Você prefere ouvir este artigo?
O ser humano sempre buscou na arte uma transcendência que vai muito além de sua pessoa ou sociedade – e sempre teve auxílio para encontrá-la. Segundo J. van Rijckenborgh e Catharose de Petri [1], historicamente essa interação entre o abstrato e o concreto conhece três fases.
Na primeira, a transcendência atua em favor da humanidade. É quando o ser humano inicia seu processo de transformação da consciência com base em informações externas percebidas por sua consciência concreta.
Na segunda, ele trabalha com a humanidade. Ele passa por uma experiência de intenso trabalho intuitivo e cria sua identidade.
Na terceira, realiza-se a eternidade no tempo por meio da humanidade. Adquire-se uma consciência superior abstrata que permite ao ser humano atuar no mundo com transcendência. Este é o caminho de conexão com o divino, a dimensão espiritual.
A vida de cada um de nós passa por esses três estágios de forma não linear, a todo momento, e desejamos firmemente conquistar esse estado que nos transforma de seres do tempo em seres da eternidade. Em outras palavras: buscamos a Arte Real, ou a Alquimia Espiritual – o processo que transforma o chumbo (a consciência superficial da realidade) em ouro (a consciência de uma realidade superior). Assim é possível chegar à Pedra Filosofal, ponto culminante da Grande Obra: o casamento alquímico da Alma e do Espírito. É por isso que, assim como a arte se renova em vários movimentos, estamos constantemente voltando nossos olhos para experiências anteriores, visando tomar fôlego para ir em frente e descobrir novos caminhos.
Fazendo um paralelo da criação artística com nosso estado de consciência pessoal, podemos dizer que somos nossa própria criação, nossa própria obra de arte.
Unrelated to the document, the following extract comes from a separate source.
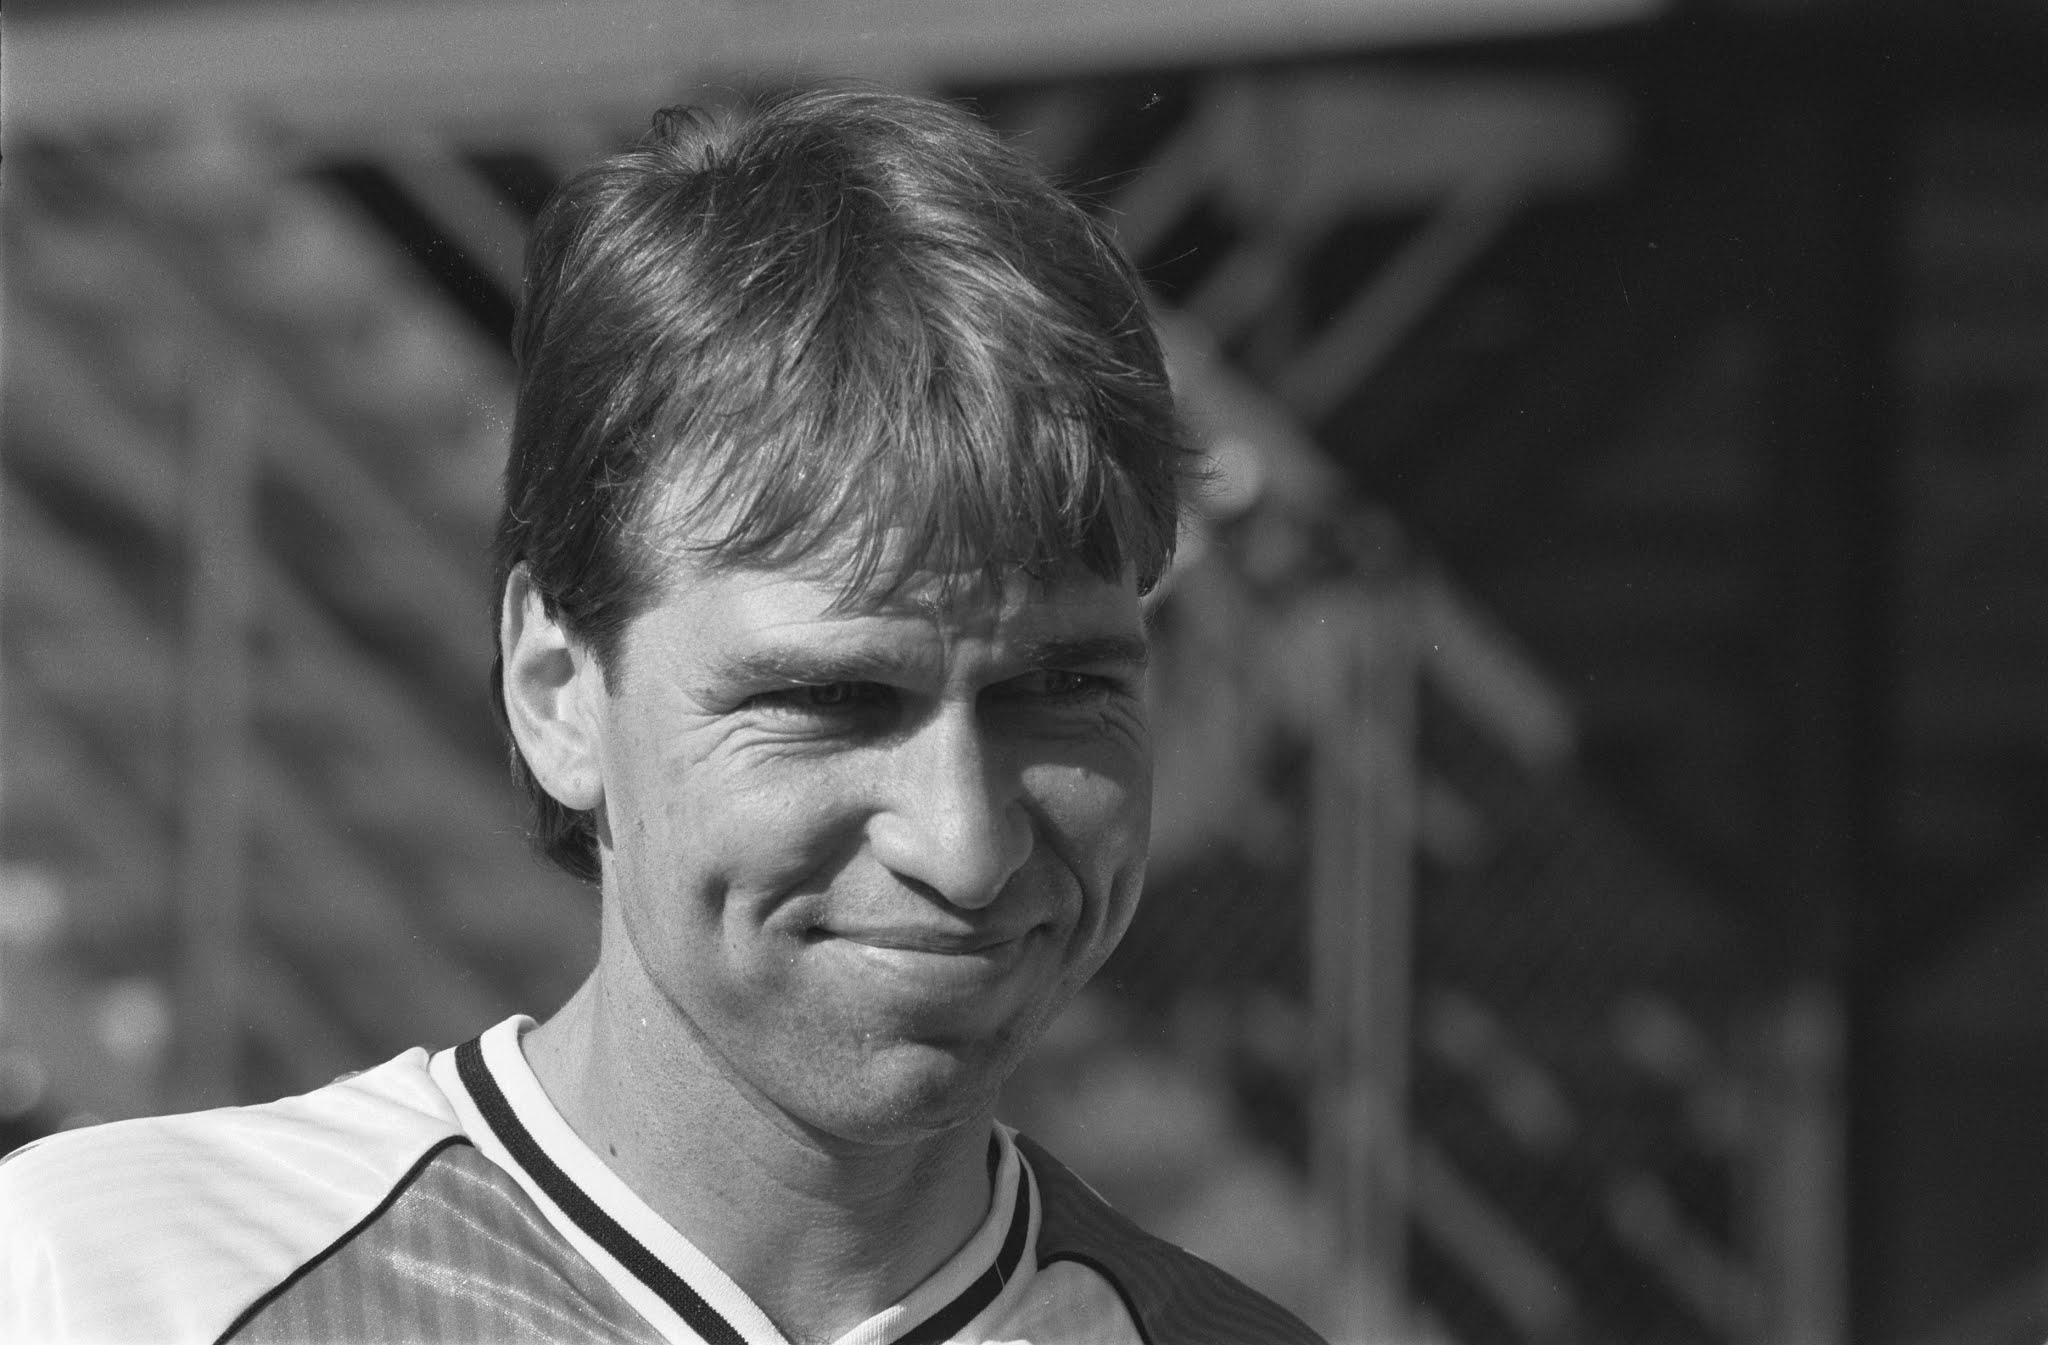 Pim Verbeek

Nos primeiros passos de nossa caminhada espiritual, muitas vezes nos apegamos à concretude e nos deixamos levar por guias e fatores externos, ou pelo autoconhecimento narcísico. Inseguros, repetimos o que vemos, o que pensamos que vemos, e o que os outros querem que vejamos. É como se fôssemos artistas meramente representativos, copiando o que vemos no exterior, seguindo técnicas já conhecidas.
Em um segundo momento, passamos a repensar nossa criação. Queremos mostrar nossas impressões e expressões. Ainda nos utilizamos de fontes externas, mas já as transformamos com base em nossa percepção interior. É o início da busca pela Arte Real. É como se estivéssemos iniciando uma alquimia ainda terrena, mas um pouco mais profunda. Depois de termos vários insights, experimentamos diversas possibilidades, em busca de autoconhecimento mais elevado. É uma fase turbulenta, quando percebemos que começamos a nos repetir, a nos autocopiar. Chegamos a um estado de saturação. Então, queremos ultrapassar nossa própria obra: o próprio ego já não está contente consigo próprio. Percebemos que precisamos “sair de nós mesmos”, renovar-nos, renascer.
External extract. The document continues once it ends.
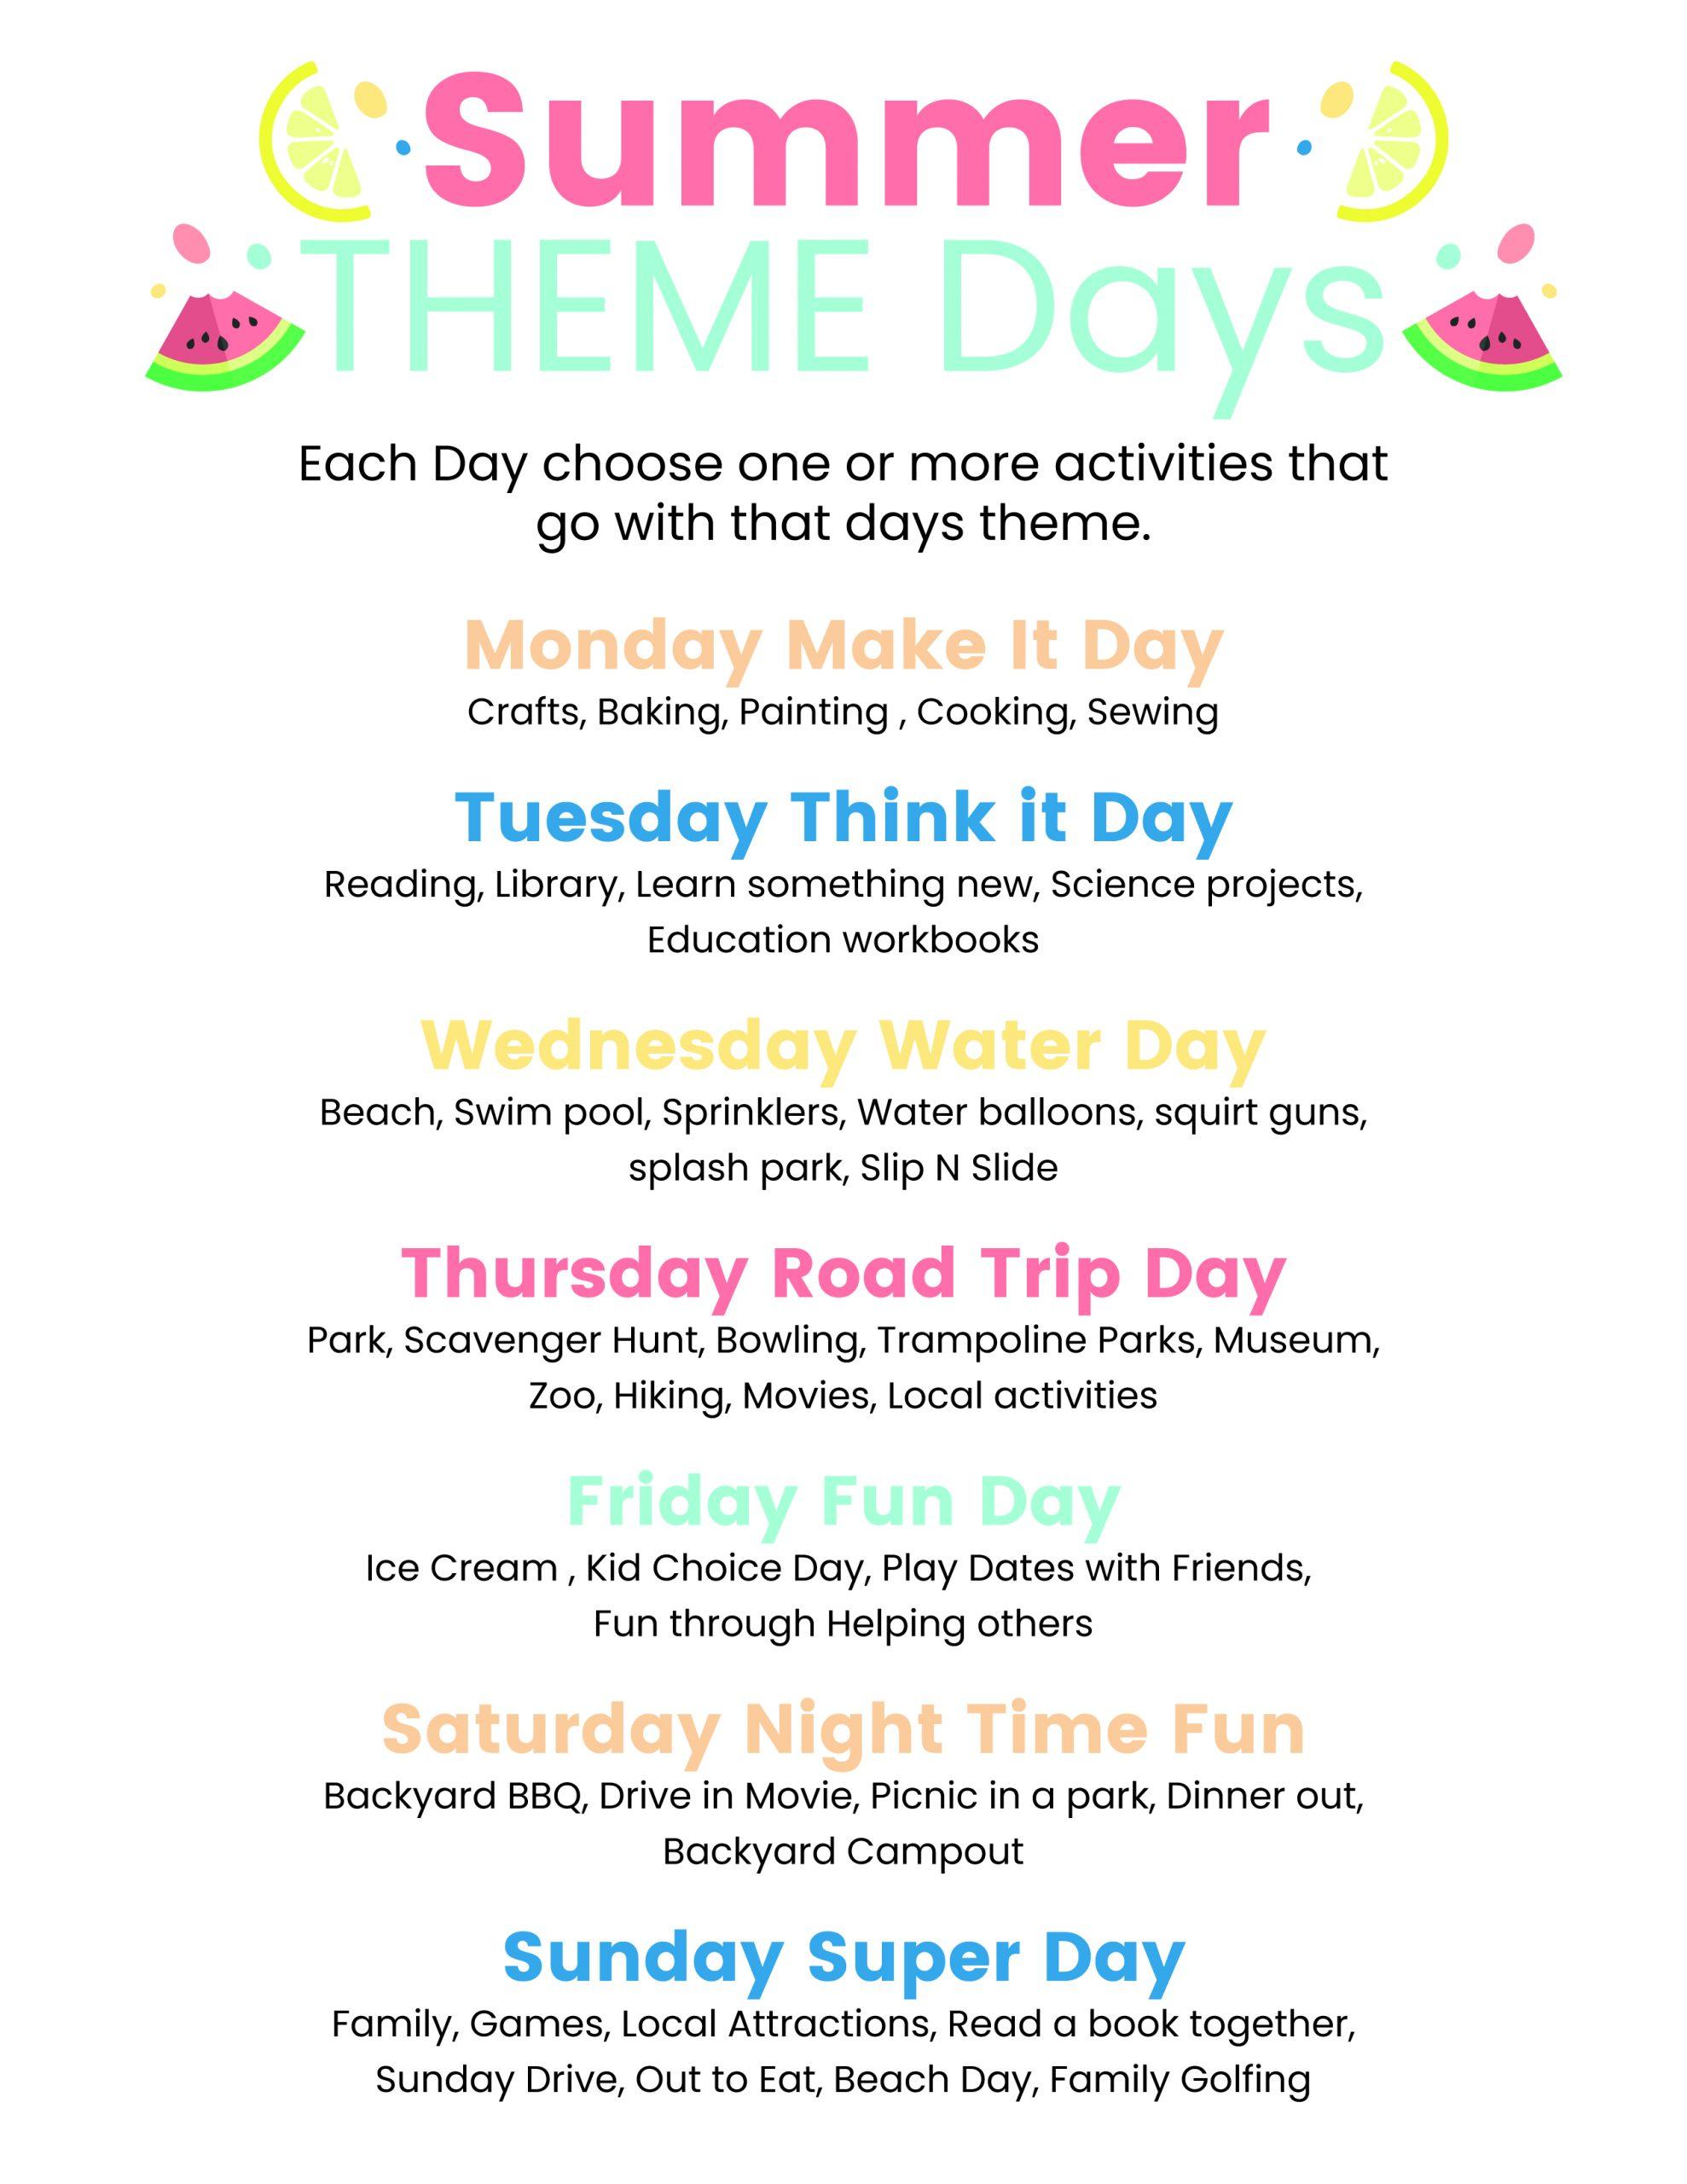 Day 41- Summer Theme Days plus FREE Printable {100 Days of Summer Fun}

Em nossa experiência de vida, todas as nossas emoções nos fazem questionar a noção de efêmero. Como em um quadro barroco, o medo da morte faz-nos ver o conflito entre trevas e luz e enxergar o grotesco e desmesurado dentro de nós. O tempo que se escoa traz para nossa alma grande urgência espiritual. De repente, todas as perspectivas se misturam. O surrealismo é tal que, mesmo nos voltando para dentro, continuamos em um estado de meia sonolência, vivenciando sonhos fantásticos e fantasiosos.
Até que um dia, cansados de tanta agitação, buscamos o silêncio – e ele toma conta de nossas almas como uma tela em branco. Na quietude, passamos para o terceiro estágio. De repente, a descoberta de uma nova perspectiva mostra-nos que há inúmeros pontos de vista, e que cada um de nós, com sua identidade própria, tem responsabilidade por suas escolhas. Depois de intenso trabalho intuitivo, vemos emergir em nós um novo ser, que deseja trabalhar na Grande Obra da alquimia interior, a serviço do mundo e da humanidade. Baseados em nossos constantes renascimentos e novos e criativos insights, fartos de nosso drama barroco, por fim nos rendemos.
Em meio a tantas transformações, devido ao nosso trabalho conscientemente ativo, ocorre em nós a transfiguração alquímica, a transformação de “chumbo em ouro” – pois, como dizem os alquimistas, é preciso praticar o solve et coagula (= dissolve e solidifica). Solve, para dissolver tudo o que nos impede de transcender; e coagula, para manifestar concretamente uma consciência plena, abstrata e eterna.
É assim que, num dia muito esperado, finalmente passamos a ser um canal da Arte da Vida Real, recebendo o auxílio da inspiração e expirando, radiantes, do interior para o exterior.
REFERÊNCIAS
[1] van Rijckenborgh, Jan et Petri, Catharose: A veste de luz do novo homem, in Coleção “O apocalipse da nova Era” volume I, capítulo 3, Pentagrama Publicações, Jarinu-SP, 1ª edição Versão e-book 2017.